▶ _Required action_
Repeat the listing word for word. No pictures belong in the copy.
===== Source data
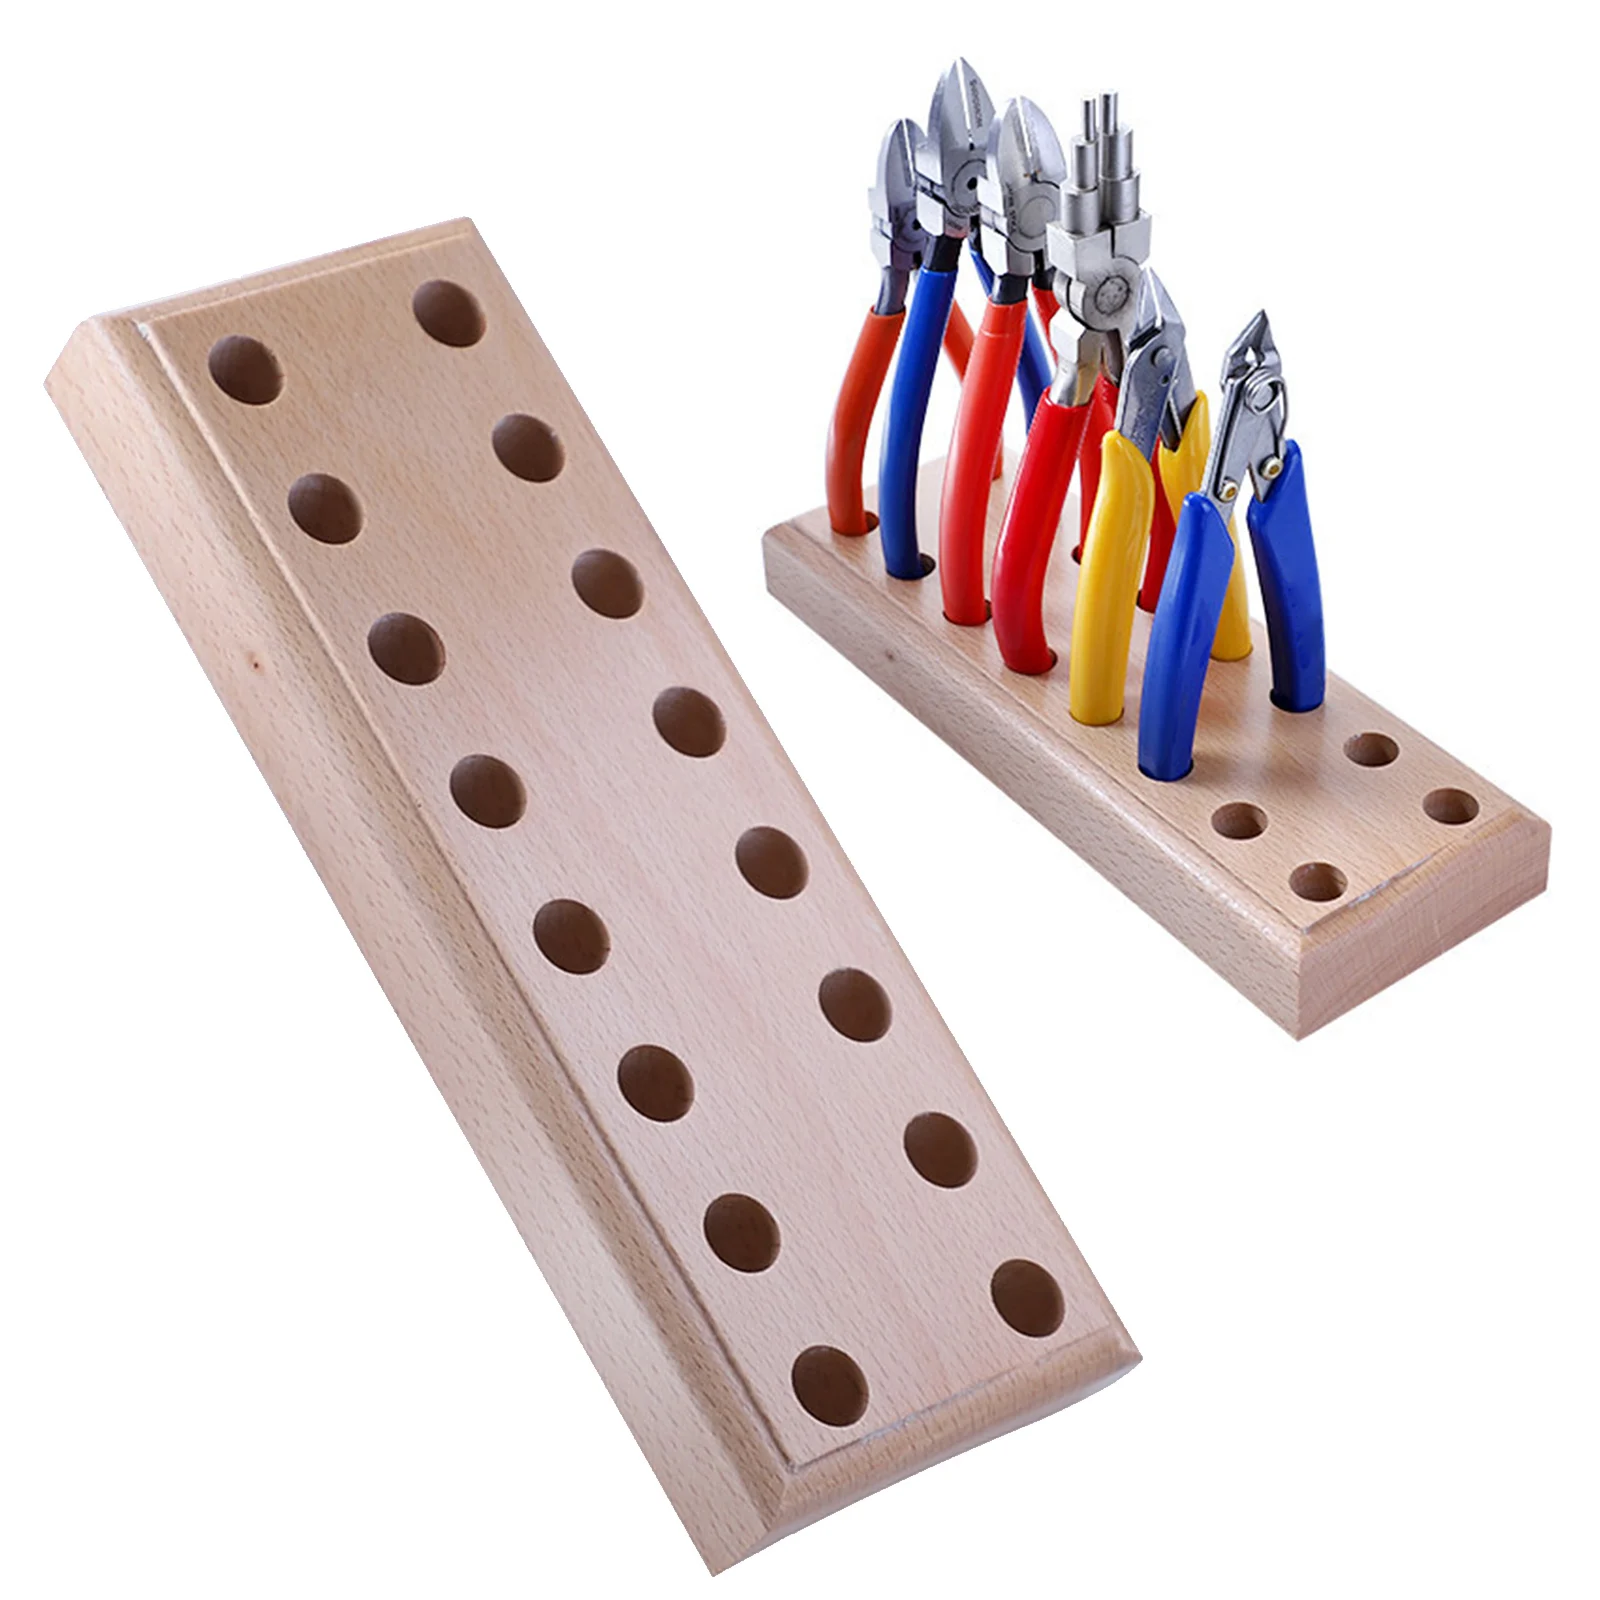 Wood Plier Block Desktop Plier Organizer Pliers Holder Base for 8 Pliers Display Wood Pallet DIY Crafting Repairing Accs
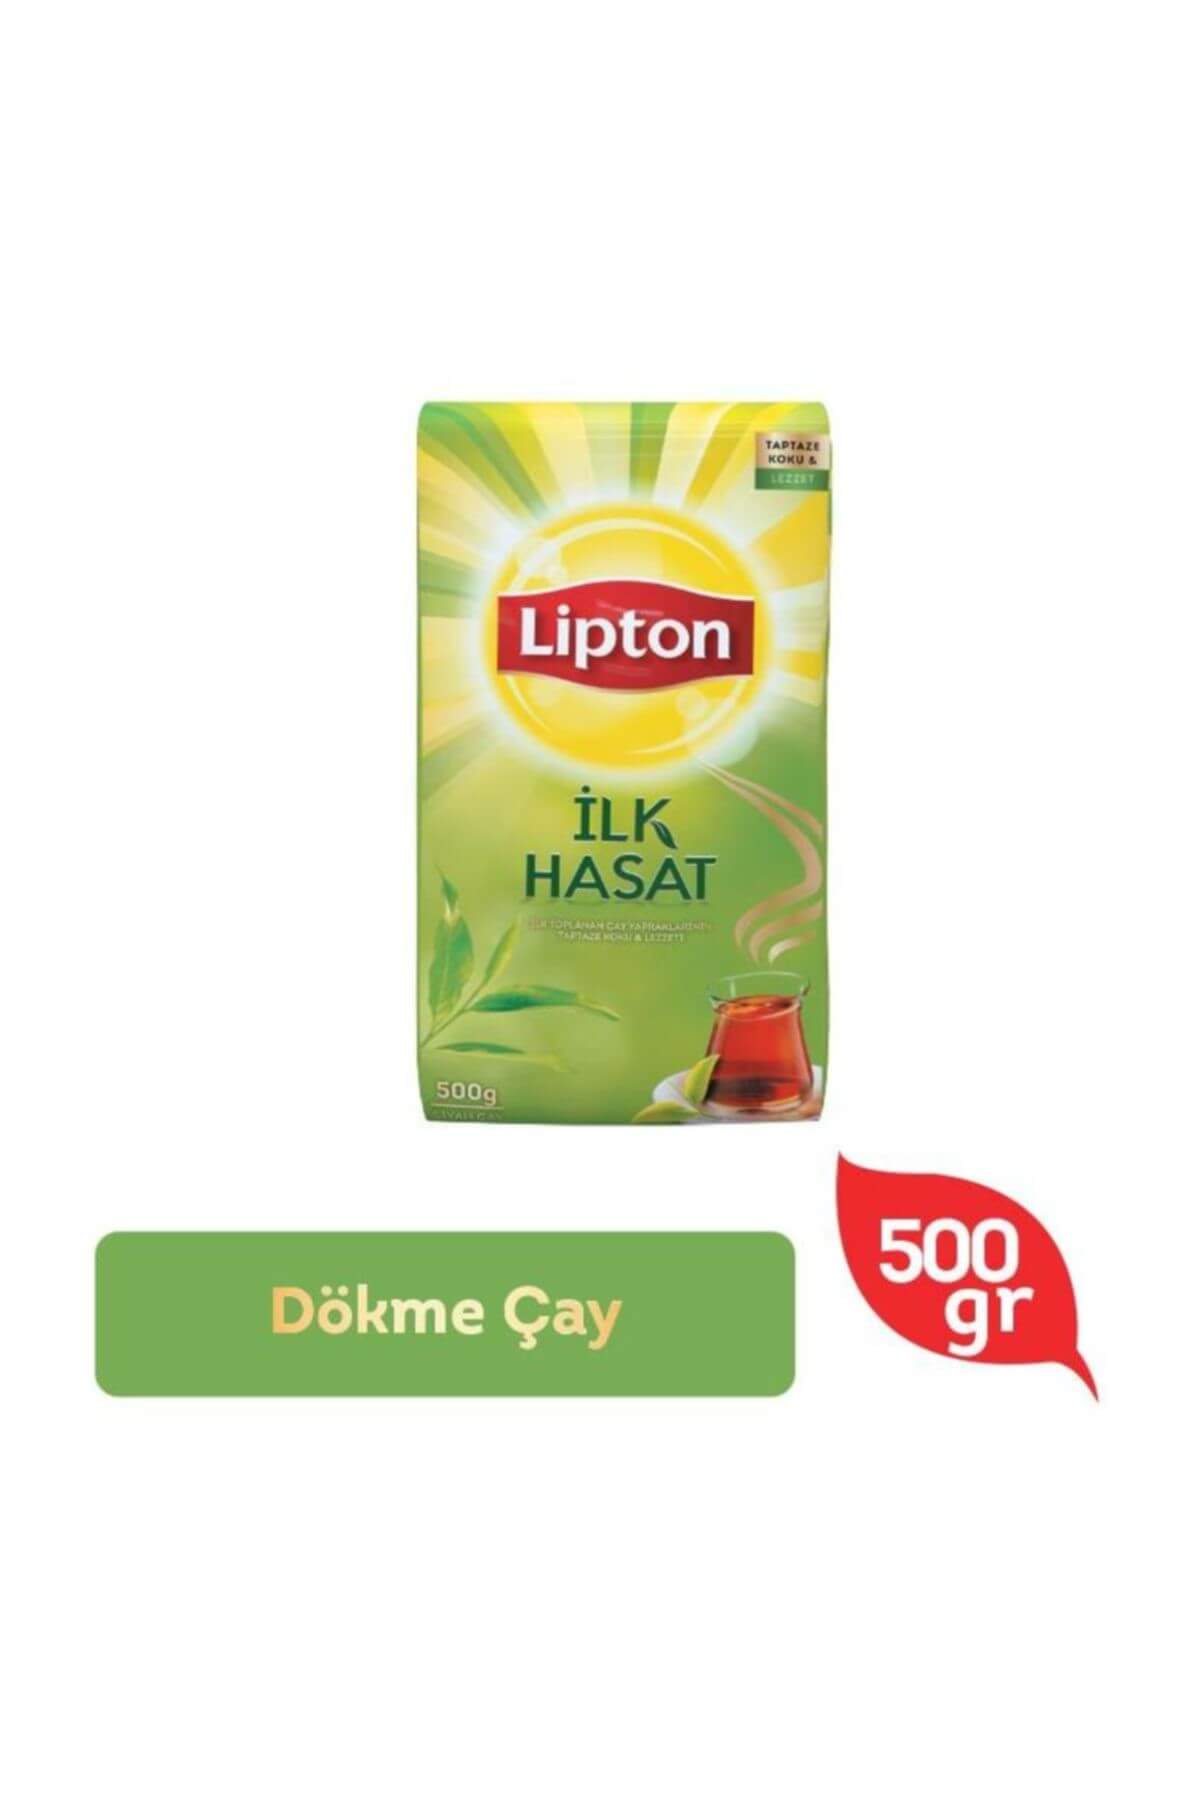 Lipton İlk Hasat Dökme Çay 500 g
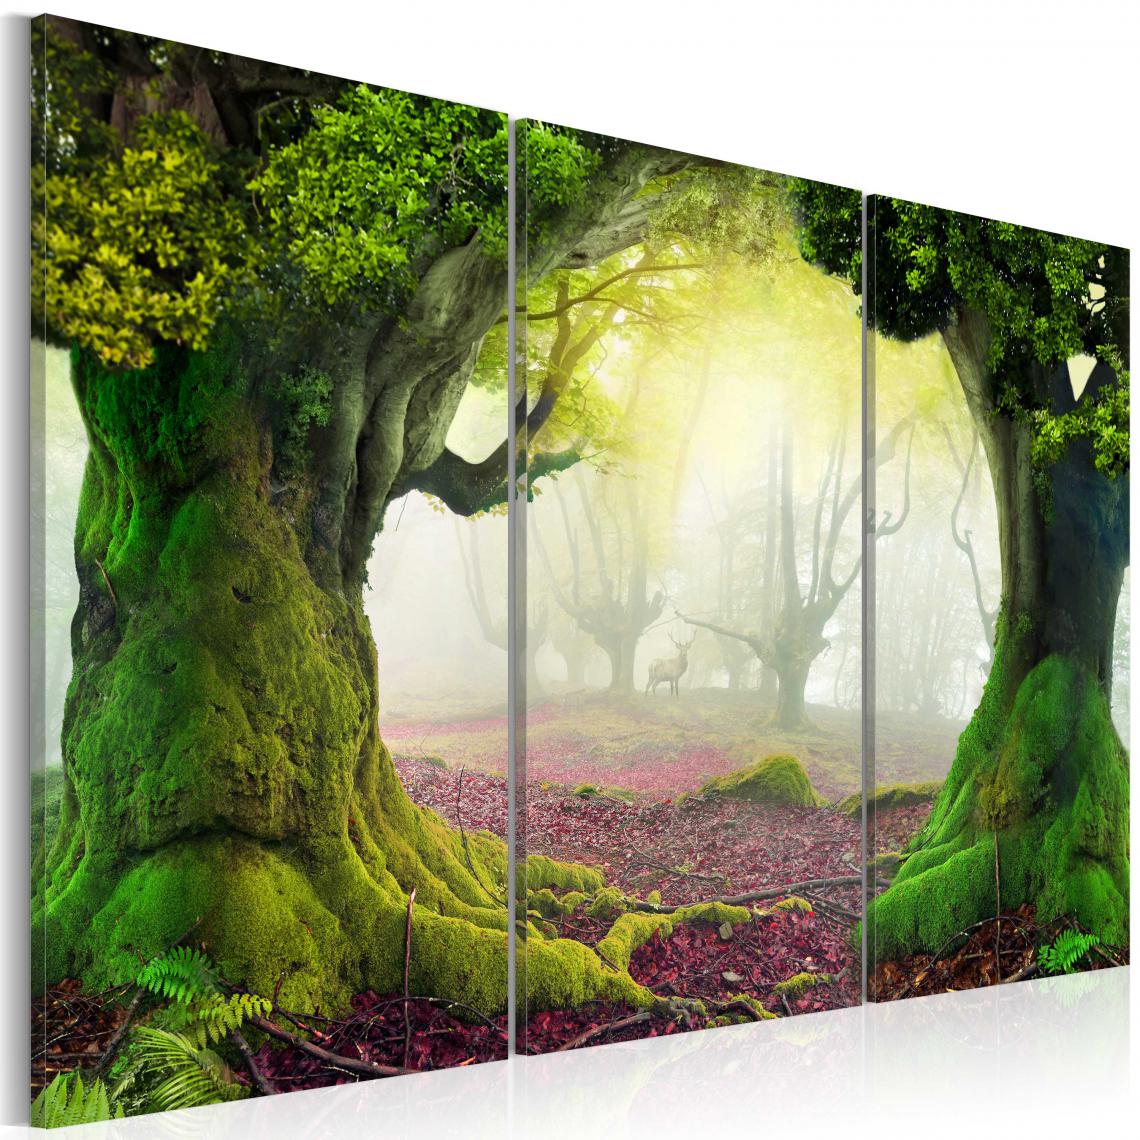 Decoshop26 - Tableau sur toile en 3 panneaux décoration murale image imprimée cadre en bois à suspendre Forêt mystérieuse - triptyque 120x80 cm 11_0006164 - Tableaux, peintures
==========
▶ _Exercise result_
 Wood Plier Block Desktop Plier Organizer Pliers Holder Base for 8 Pliers Display Wood Pallet DIY Crafting Repairing Accs
 Lipton İlk Hasat Dökme Çay 500 g
 Decoshop26 - Tableau sur toile en 3 panneaux décoration murale image imprimée cadre en bois à suspendre Forêt mystérieuse - triptyque 120x80 cm 11_0006164 - Tableaux, peintures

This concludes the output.